*Task*:
Transcribe the listing verbatim. Do not carry over any pictures.

*Data segment*:
################
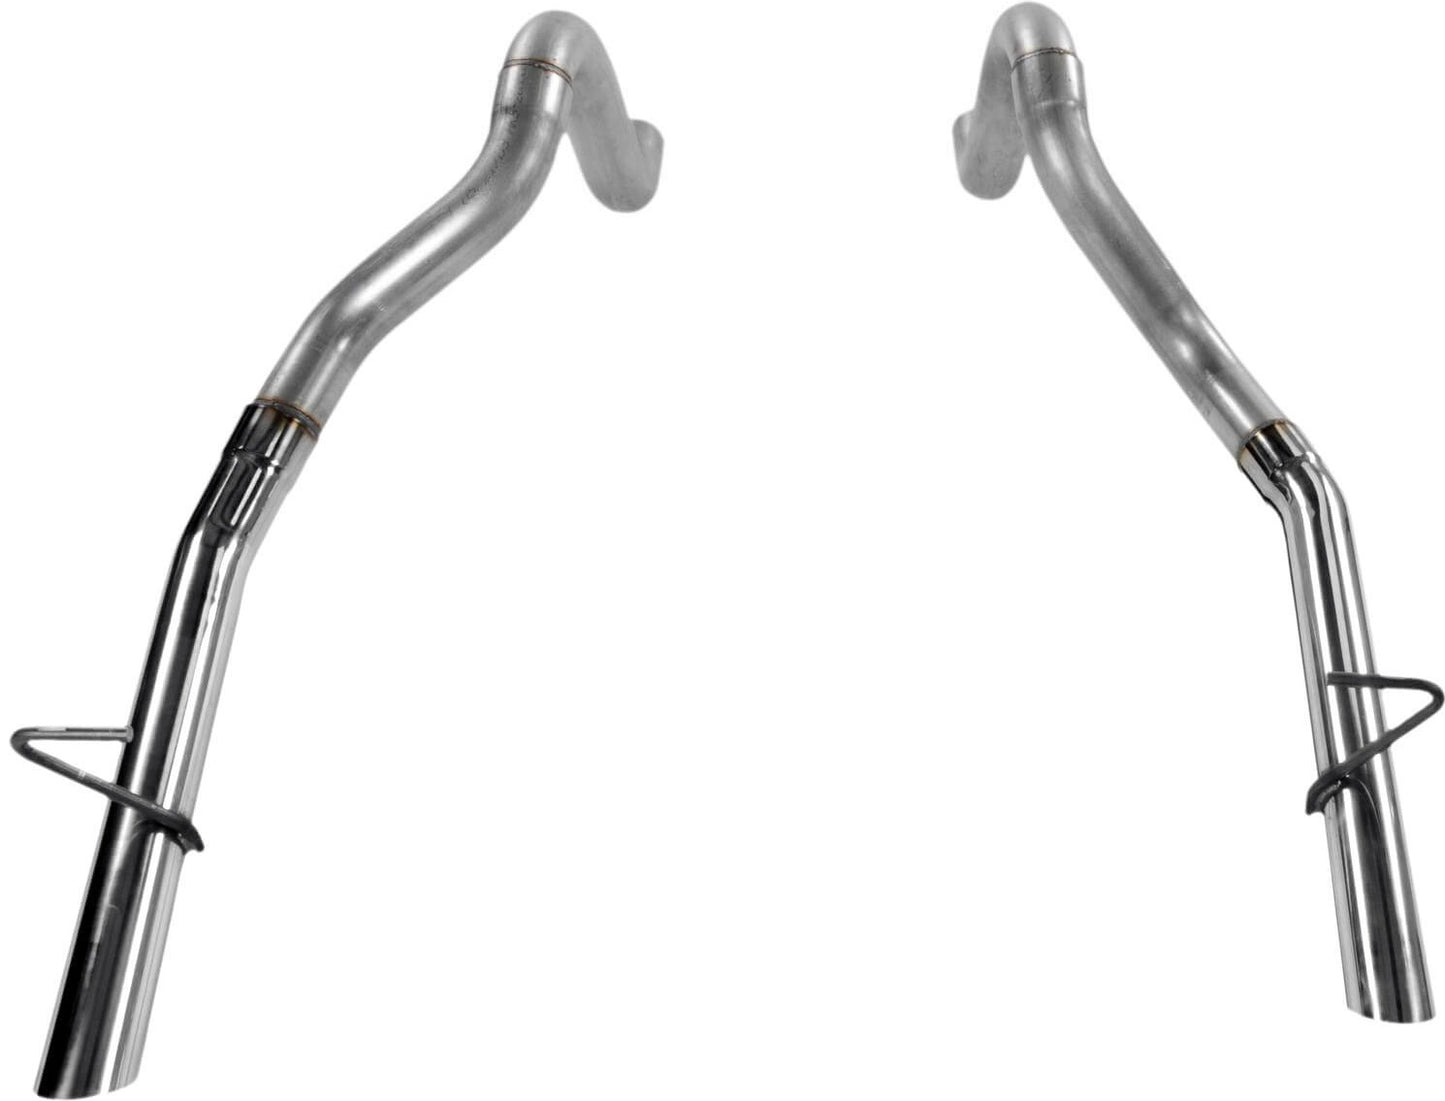 PRE-BENT TAILPIPES,86-93 MUSTANG 5.0,STAINLESS STEEL
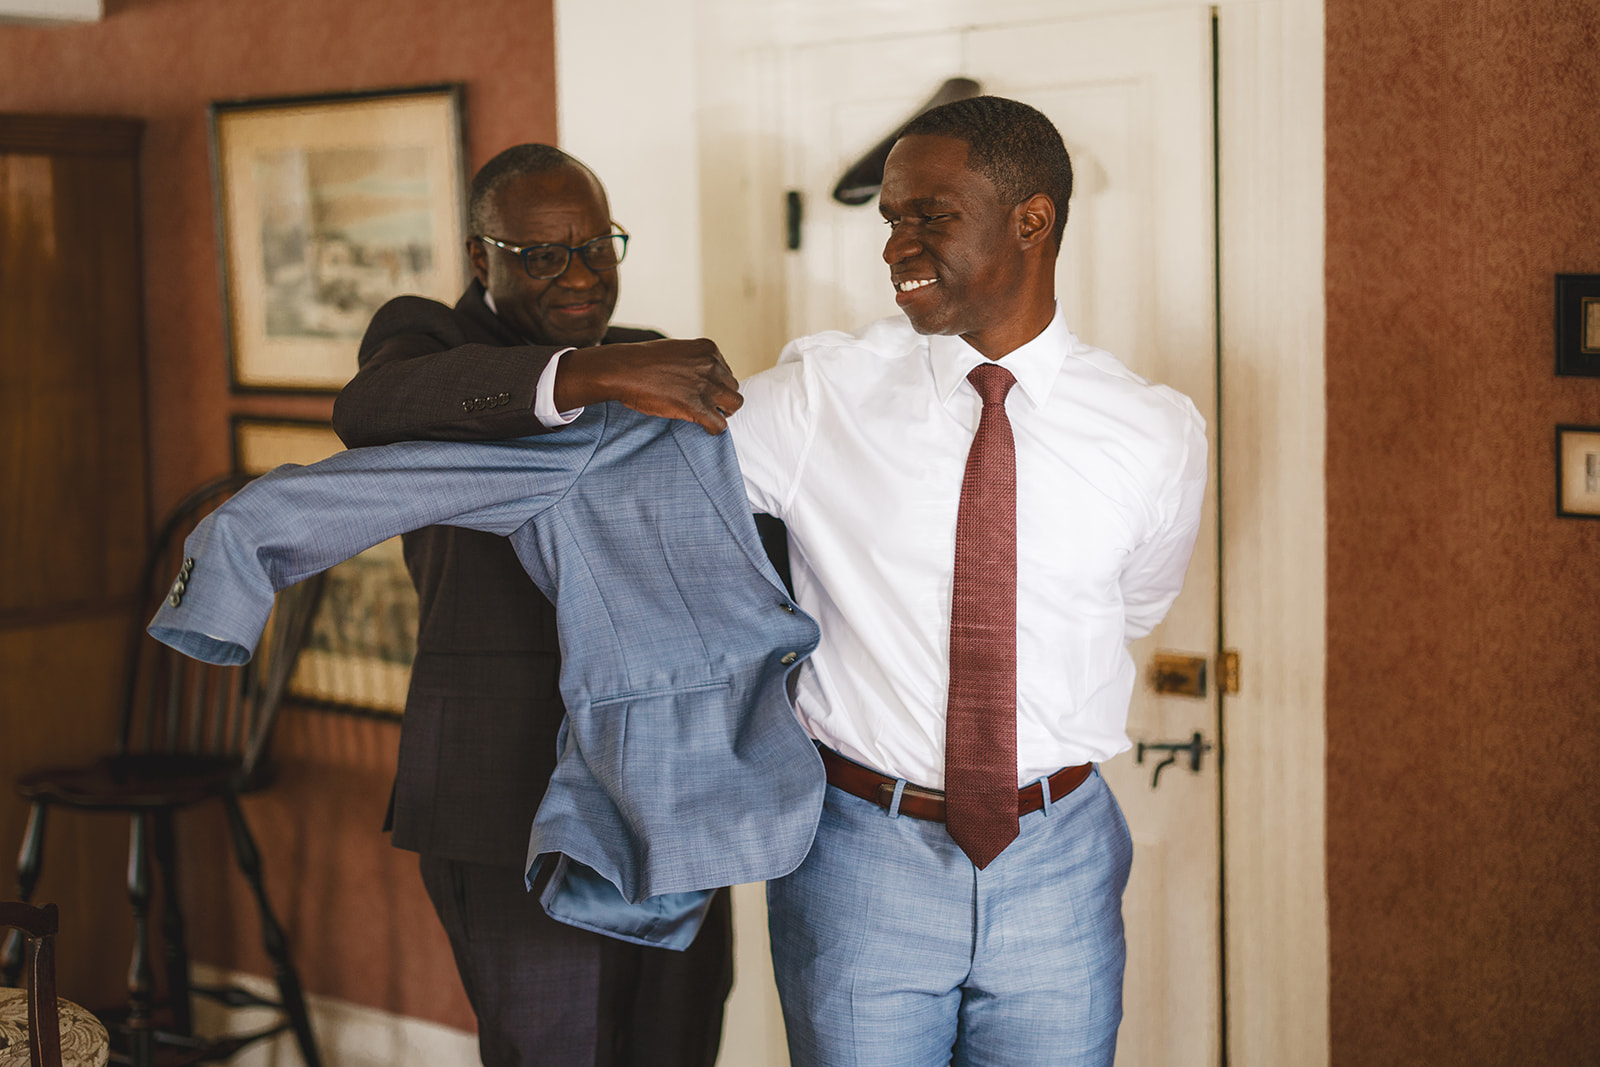 groom's father helps his son get ready for wedding by putting his jacket on
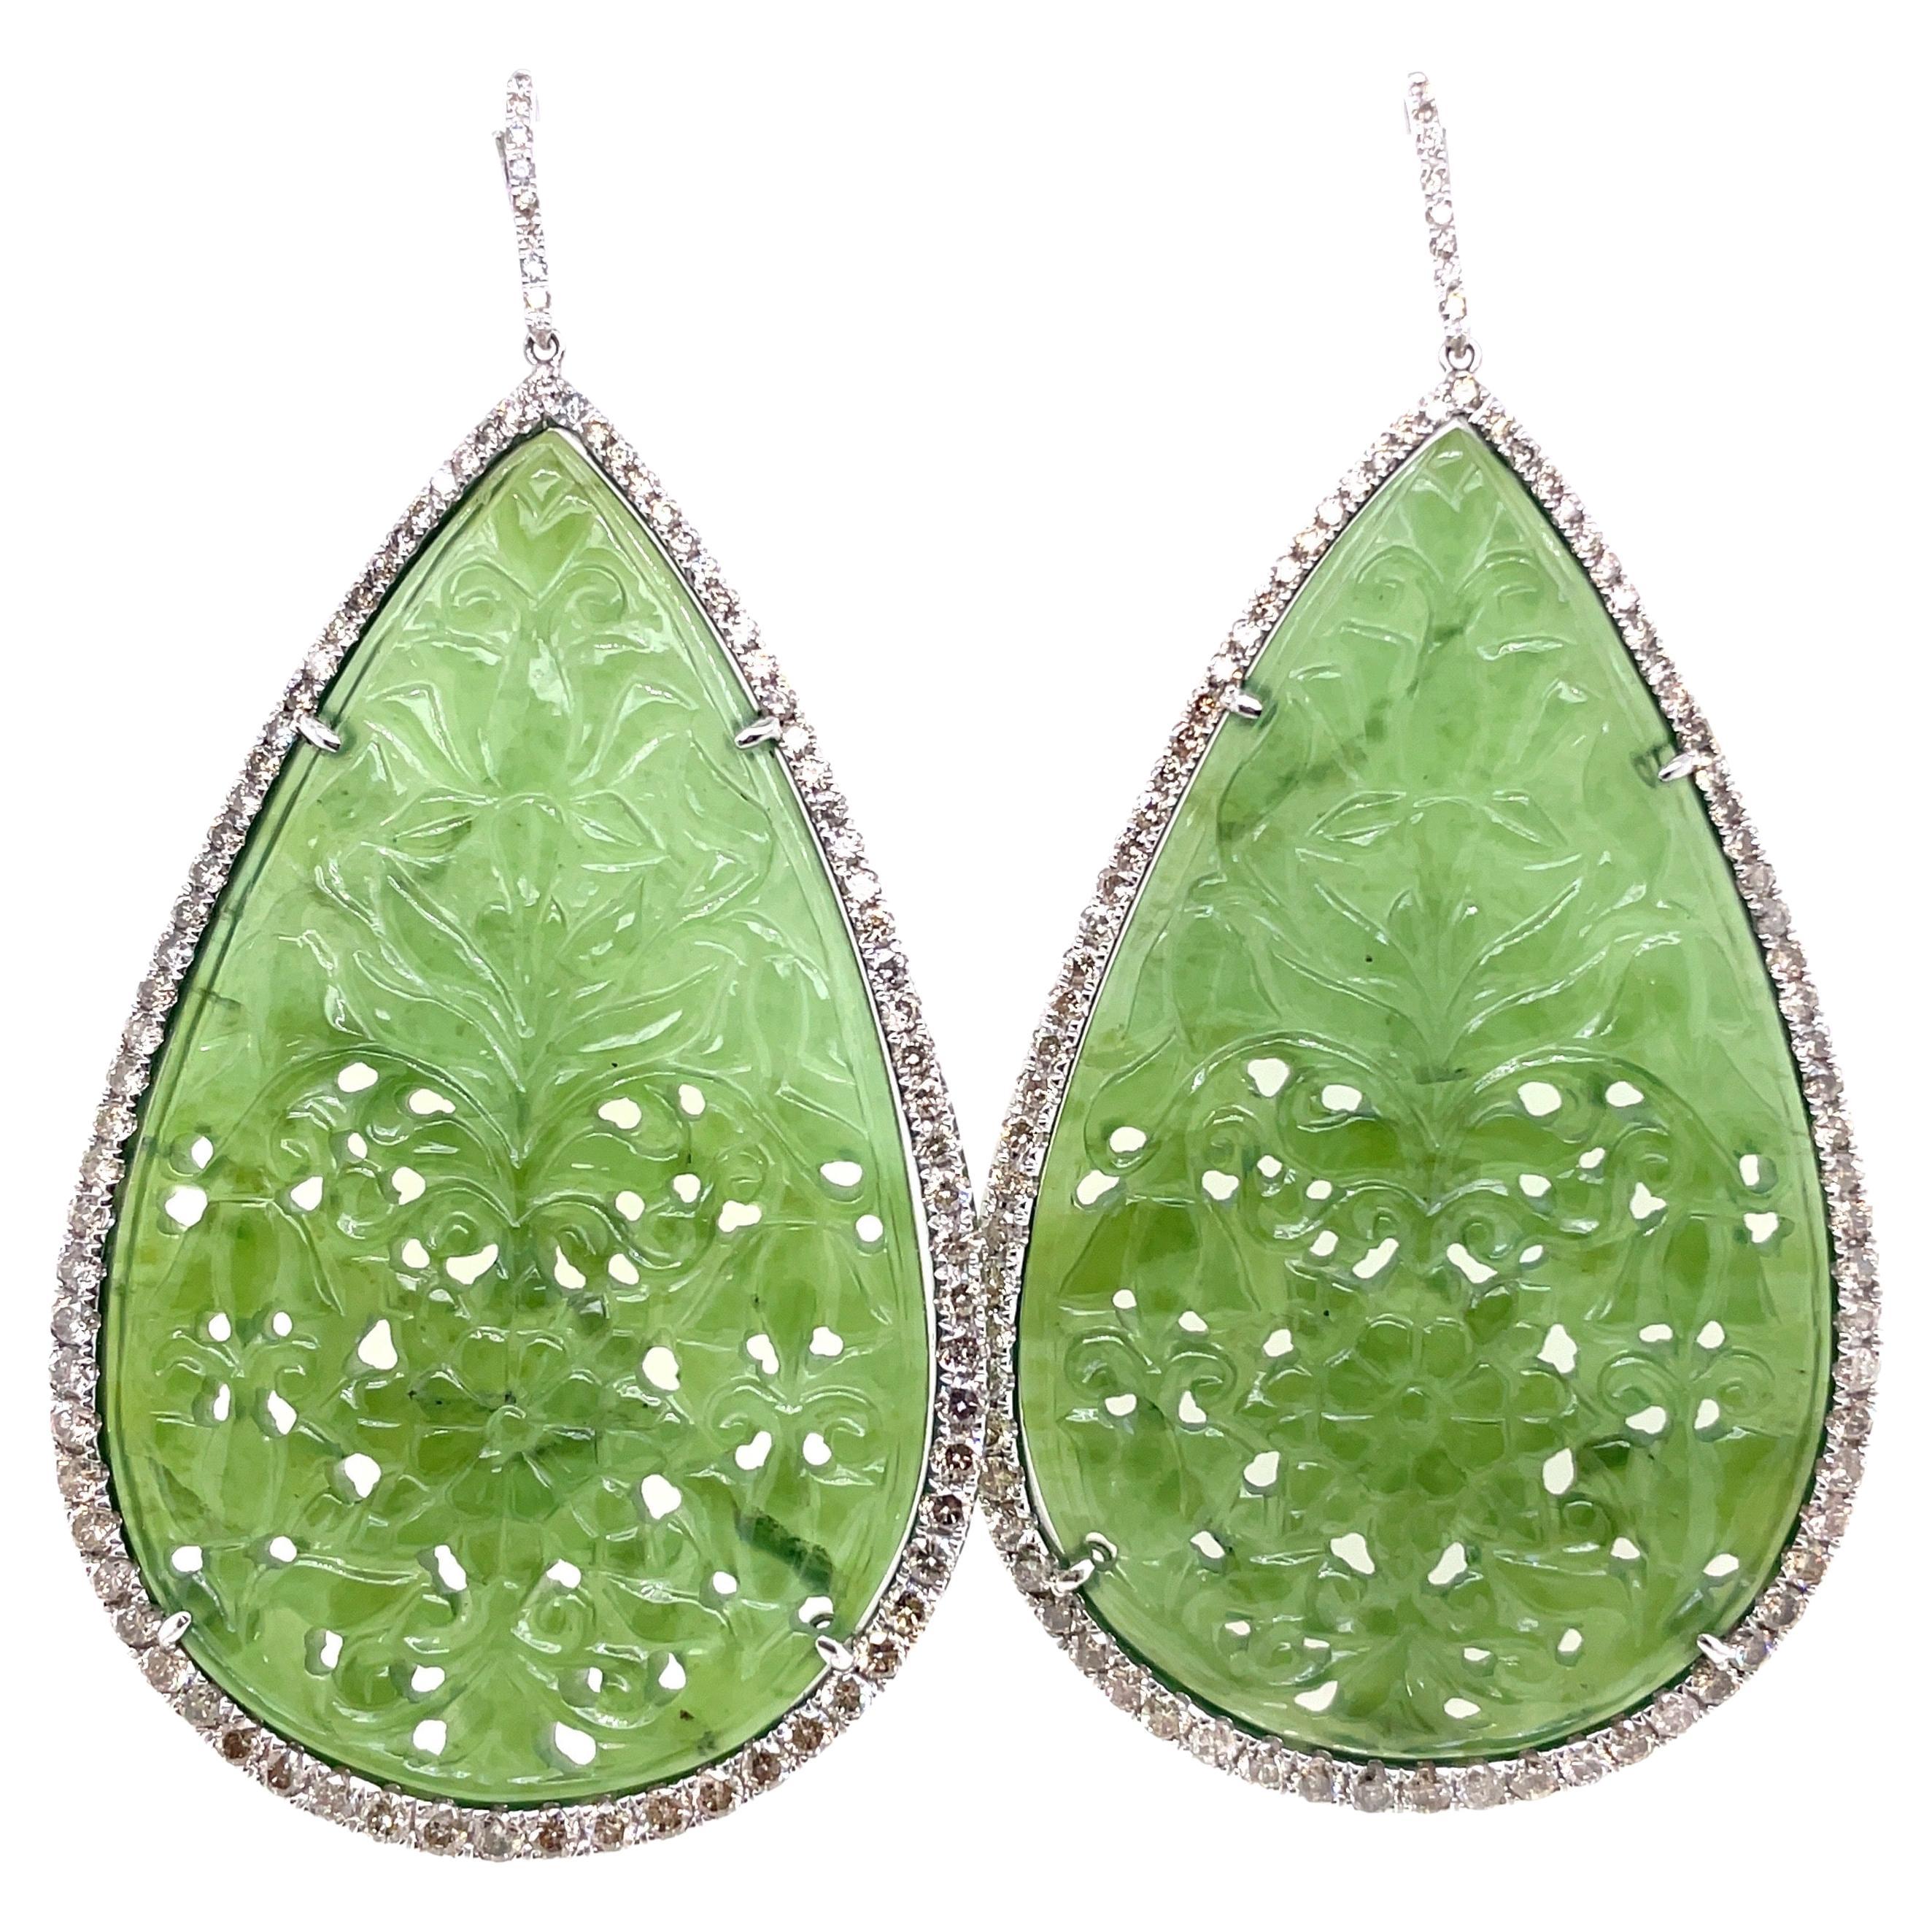 Pear-Shaped Serpentine Carvings Cts 116.39 & Diamond Earrings set 18k White Gold For Sale
################
*Completed task*:
 PRE-BENT TAILPIPES,86-93 MUSTANG 5.0,STAINLESS STEEL
 groom's father helps his son get ready for wedding by putting his jacket on
 Pear-Shaped Serpentine Carvings Cts 116.39 & Diamond Earrings set 18k White Gold For Sale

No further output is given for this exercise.